I'm so happy to hear from people who live nearby. I am just south of you in Silver Spring. Wonder if there are enough of us to get into a group. When I joined KP I was looking for a Maryland group that meets nearby; only group nearby met when I am 'on call' for the grandchild. Anyone else live in Maryland interested in group knitting/crocheting? I thought it might help to shorten my learning curve??

Love and Happy Knitting, 

Lala


----------



## Ronie (Jan 21, 2011)

Oh Karen I have faith that you will get the hang of those DPN's.. they are quite fun to knit with once you get the hang of it.. but it does take practice.. look how far you have come with your knitting... that too practice and your doing great... I personally love to knit with them.. but it took patience at first..


----------



## swtpeapati (May 20, 2011)

It's ok! Double point needles take a little time to get used to...but you can do it!


----------



## itip2 (Dec 2, 2011)

If possible I use 2 circs, did the dp thing for many years, but really prefer the circs except for a couple of patterns divided into thirds so for them back to dp's.
I give many pairs at Christmas, and work out special patterns for special people- horse minded Granddaughter for instance.
Y
The first thing I knitted in the round was gloves of all things- all downhill from there!


----------



## titus2-13 (Dec 30, 2011)

You really should go online and learn how to knit using Magic Loop. I love it and it is so simple to do. I hated knitting socks because of all the needles going ever which way.


----------



## Pamk (Jul 10, 2011)

I've just recently started using DPN's and made the 2 cardinal mistakes with them. #1, because I knit continental...once I've started I'm used to having the yarn in my left hand to start...but on DPN's the feeder yarn will be on your right needle after you've started....so I actually started knitting backwards. Fixed that one. Now I'm on to mittens and my instructor told me I was knitting inside out....I was picking up my stitches on the "inside" of the tube rather than the outside. LOL. don't know if I explained this right. It does take a bit to navigate all the needles, but it does help if you just think of using 2 and ignore the others. Good luck....they're fun once you get the hang of it.


----------



## Sailgurl (Oct 1, 2011)

I hated dpns when i first tried them. I had no utube at that time. I was determined to figure them out, so i cut erasers off of lead pencils and stuck them on the ends of the needles so i wouldn't drop stitches -ha ha-how's that for ingenuity?? I made a beret but freaked out when i saw ladders/holes on the stitches between the needles. I recently learned magic loop and i love it. It solved all these problems. No dropped stitches, no ladders and only 2needles to knit really tiny little round objects. You can knit baby socks and tiny easter eggs on 2needles Check it out on utube


----------



## crafty lady UK (Aug 18, 2011)

karen2835 said:


> so I picked up a set of DPNs for the first time to use for something other than opening up a package that came in the mail..........wth was I thinking...........I felt like a dang octopus, needles going every which way, fingers going the other.........I didn't punish myself this time, I quickly put them down and went to red heart and am now working on a sock pattern that you can crochet, we will see how that goes........and yes I am going to post a picture no matter how they turn out, lol........understanding the pattern is one thing, making the socks is another, we will see.........

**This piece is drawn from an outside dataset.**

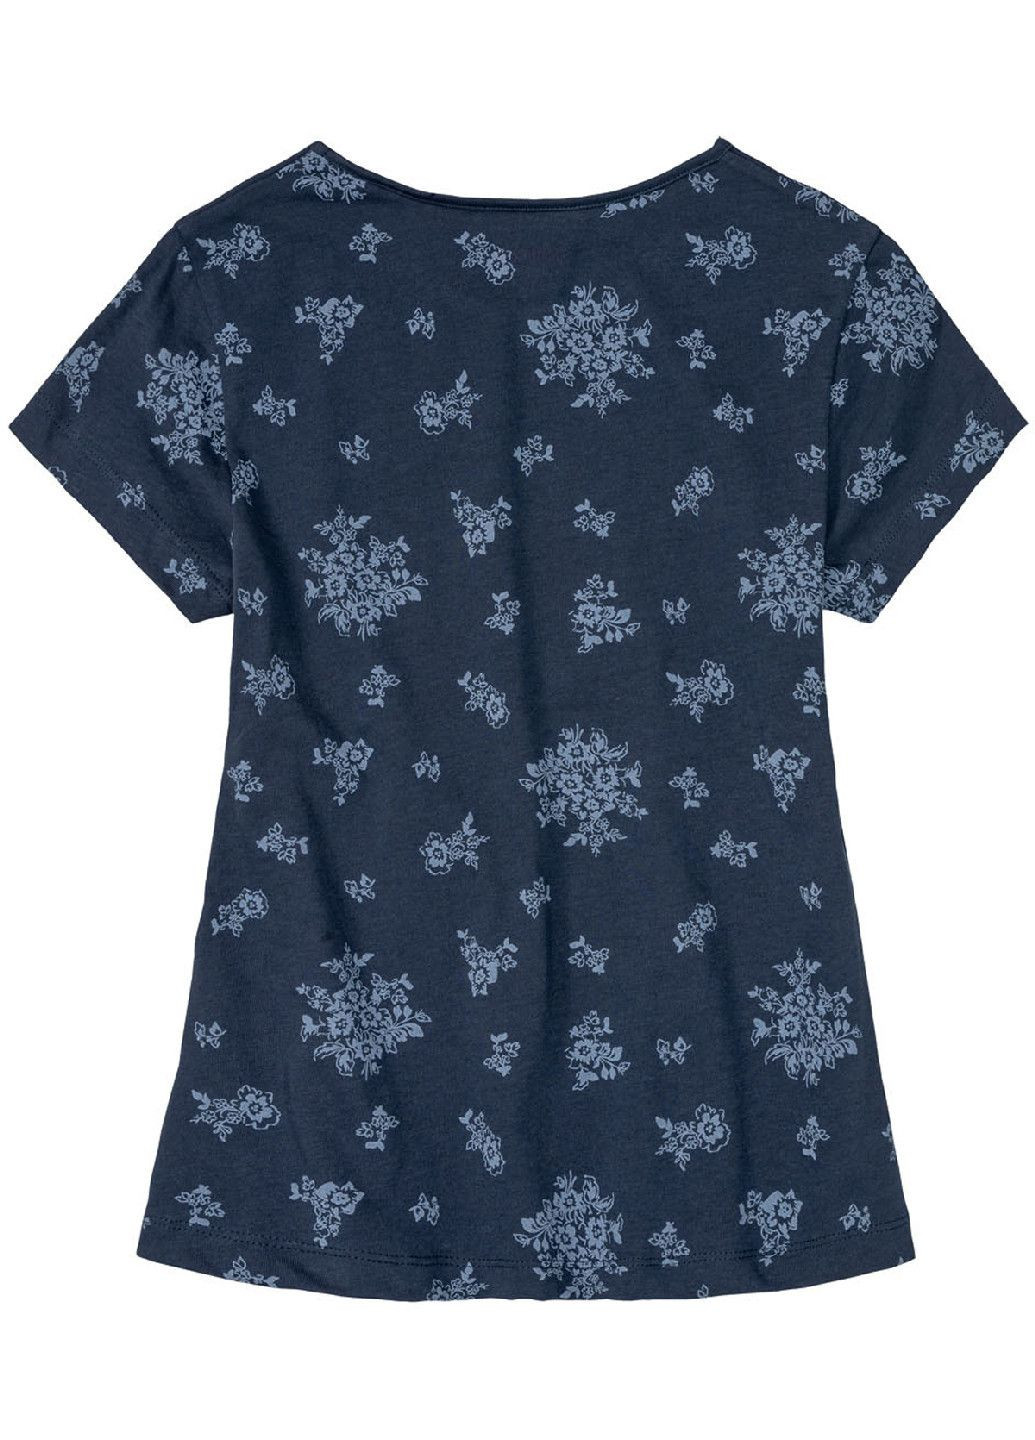 Темно-синя піжама (футболка і шорти) для дівчинки 382217 темно-синій Pepperts

So the stitches don't drop off the end of the needle, I got in the habit of pushing the stitches to the centre of the needle before going on to the next one. Its one thing less to worry about. I prefer dpns now to any other method. I have tried magic loop and all sorts, but still prefer dpns. I have just finished a top down cardigan for a prem baby, which is great, as no seams to sew or bands either. I used dpns for that too. Just keep practising, and eventually you will find which way is suitable for you. Have fun with it, thats the main thing! Terri


----------



## Hazel Blumberg - McKee (Sep 9, 2011)

crafty lady UK said:


> karen2835 said:
> 
> 
> > so I picked up a set of DPNs for the first time to use for something other than opening up a package that came in the mail..........wth was I thinking...........I felt like a dang octopus, needles going every which way, fingers going the other.........I didn't punish myself this time, I quickly put them down and went to red heart and am now working on a sock pattern that you can crochet, we will see how that goes........and yes I am going to post a picture no matter how they turn out, lol........understanding the pattern is one thing, making the socks is another, we will see.........
> ...


----------



## Hazel Blumberg - McKee (Sep 9, 2011)

Hazel Blumberg said:


> crafty lady UK said:
> 
> 
> > karen2835 said:
> ...


Oops! I accidentally inserted my response into Terri's quote. Sorry!

Hazel


----------



## Bea 465 (Mar 27, 2011)

I only use 5 bamboo or other wood dpns for socks, sleeves, etc. The yarn has a tendency to slip off the metal needles and drove me to distraction. I love the bamboo/wood ones.


----------



## shula (Feb 20, 2011)

EZ2 said:


> It's like knittin with a porcupine


Oh Ez2...Your picture of your dog with his hood on is too cute for words.
shula


----------



## shula (Feb 20, 2011)

pocono.carol said:


> I as so many others cannot get the hang of double points. I start with four and the one spare and end up with two. My DH loves it when I try because I start sounding like a drunken sailor withing a few rows. He laughs until his sides ache
> 
> Hyia Hyia makes a series of 9 inch (total length) circs ranging from size 1 to size 6 (or maybe 7). I use these for sleeve cuffs and decreasing hats.
> 
> It's great that we now have so many choices.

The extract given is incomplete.